However, since I do compute the loss every iteration of policy finding, I believe I shouldn’t need to retain the graph?

I checked online and people suggest it has something to do with ddp. I’m indeed using ddp in this case, maybe this contributed to the issue?

teddy · October 22, 2020, 5:46pm

Hmm maybe this is a bug? What is the output of estimate_L? It should be a scalar value else it will fail (this is a PyTorch thing not a Lightning thing)

Chris_Liu · October 22, 2020, 6:02pm

My apologies, I pasted in the wrong error. That bug was indeed caused by returning multiple losses, and taking the mean of loss solved it for me. The question I had is actually: RuntimeError: Trying to backward through the graph a second time, but the buffers have already been freed. Specify retain_graph=True when calling backward the first time.
So as I posted in the previous explanation, I calculate the loss for each iteration and thus I think I shouldn’t need to retain the graph.

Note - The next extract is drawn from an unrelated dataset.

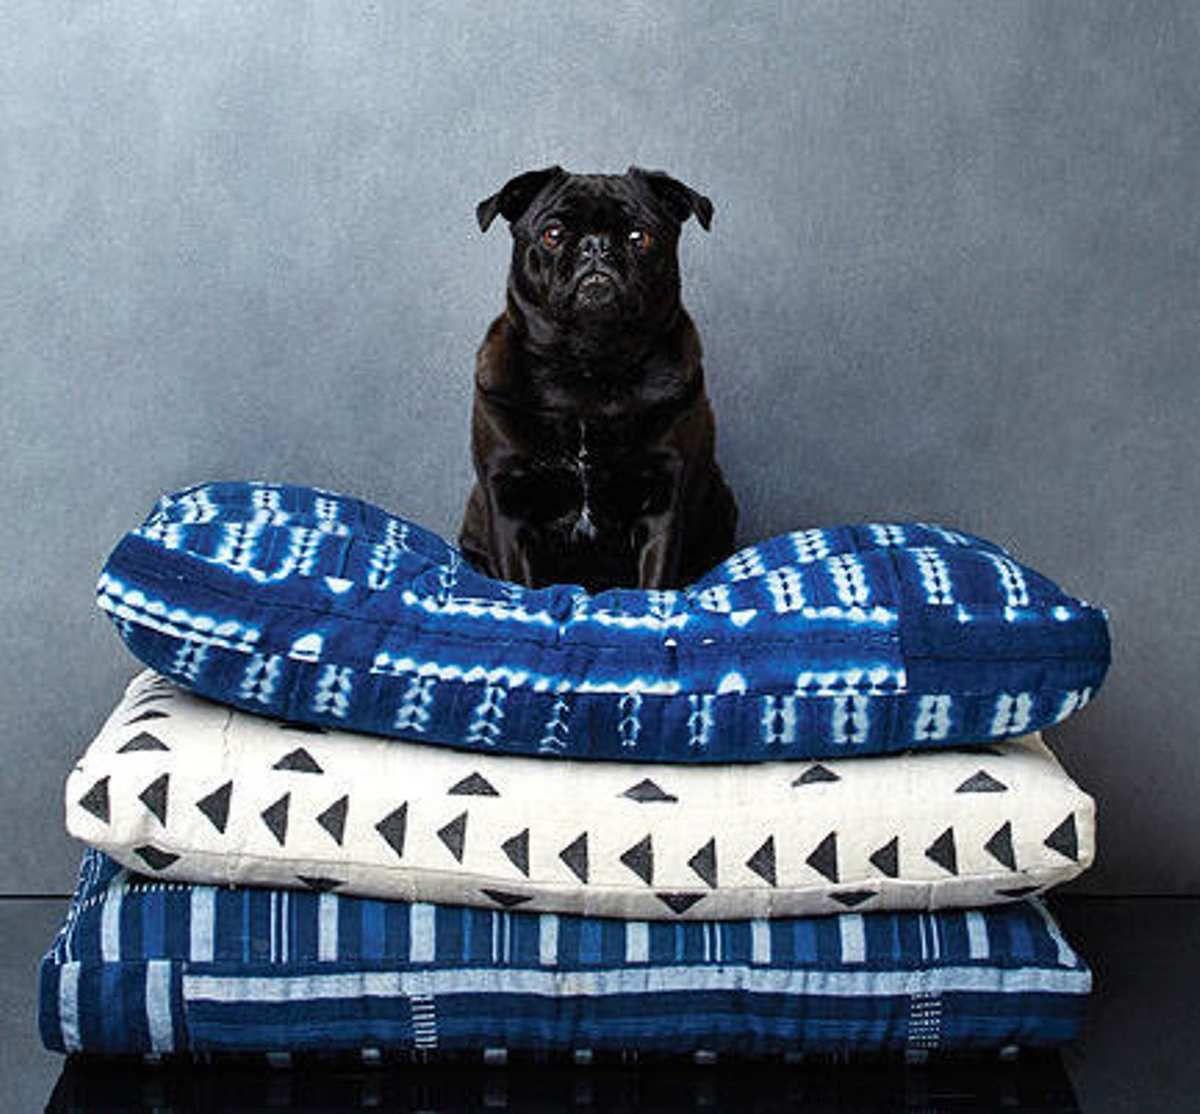 The Best Dog Beds, According to Dog Experts Custom dog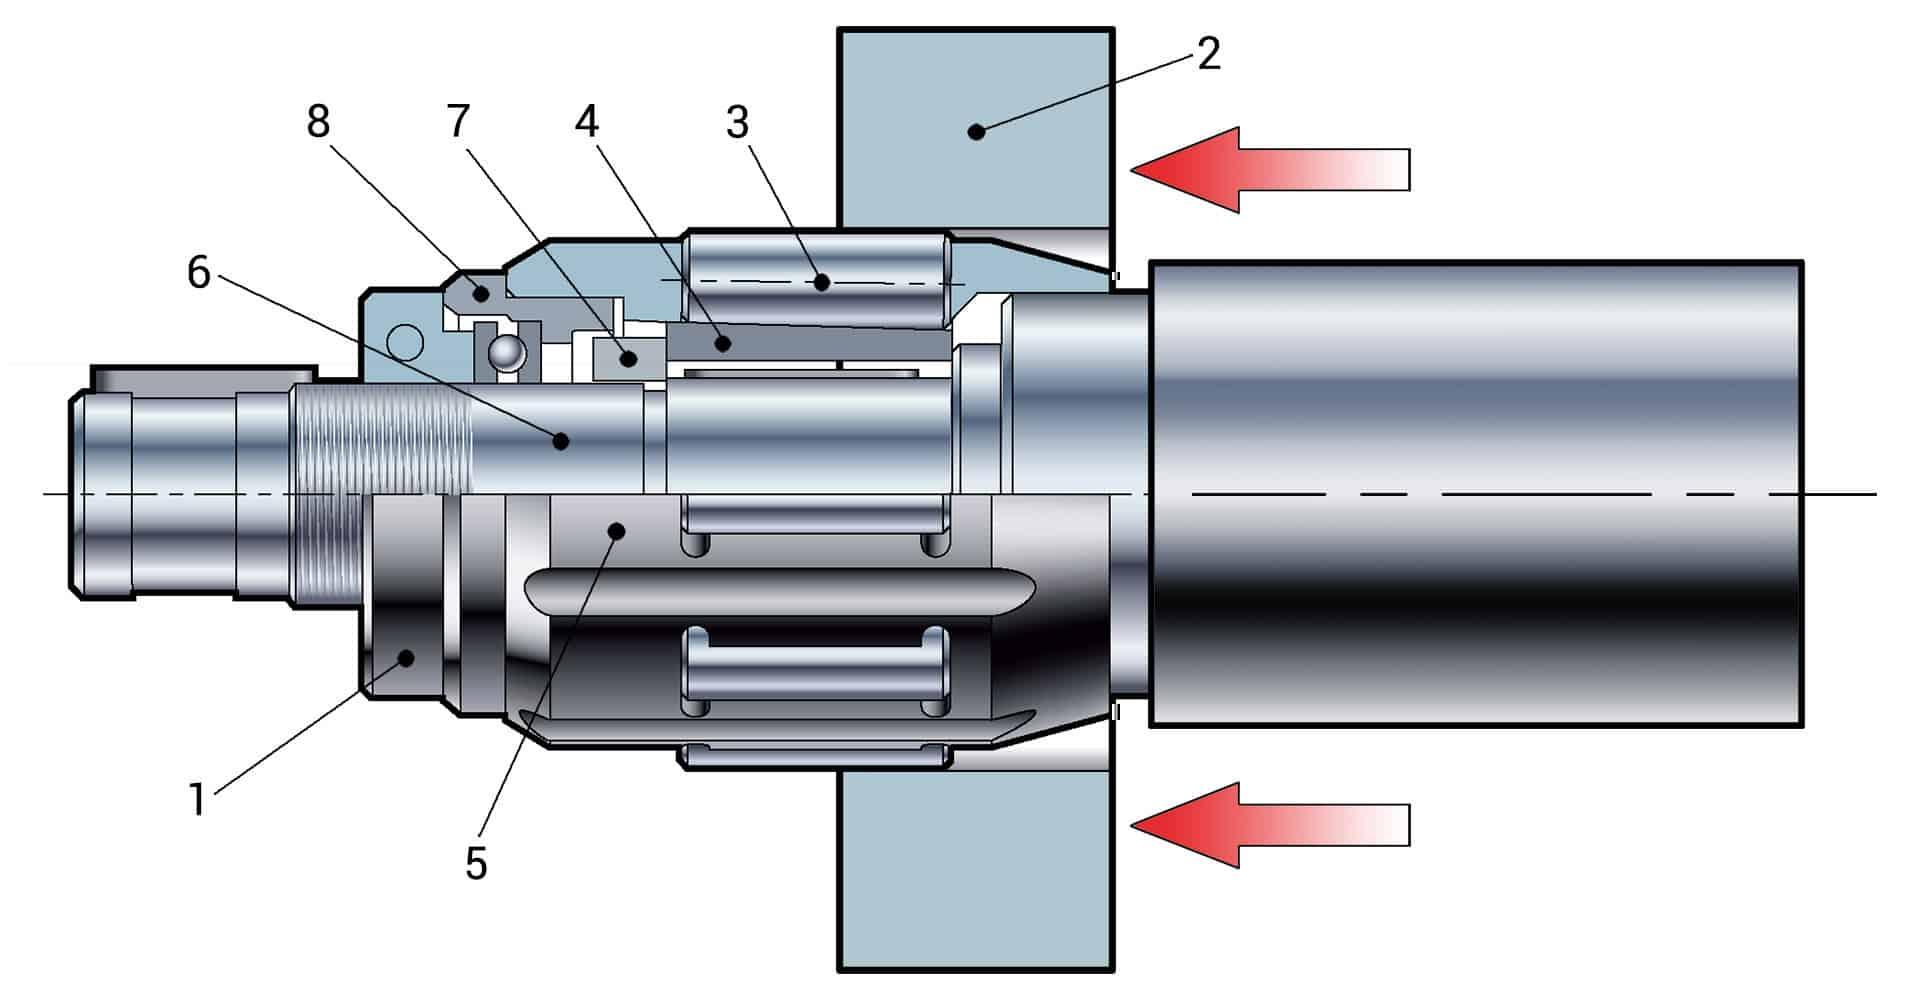 skive burnishing tool settings

teddy · October 22, 2020, 9:06pm

Hmm from your code it seems you are only calling manual_backward once before zero_grad, so I’m not sure what the issue is. What line is this error happening?

Chris_Liu · October 22, 2020, 9:55pm

It’s the line where I called manual_backwards(loss, opts[opt_id]). Is there a way to debug why this is happening?

teddy · October 22, 2020, 10:11pm

It only appears to be doing backward once. Does it work without DDP?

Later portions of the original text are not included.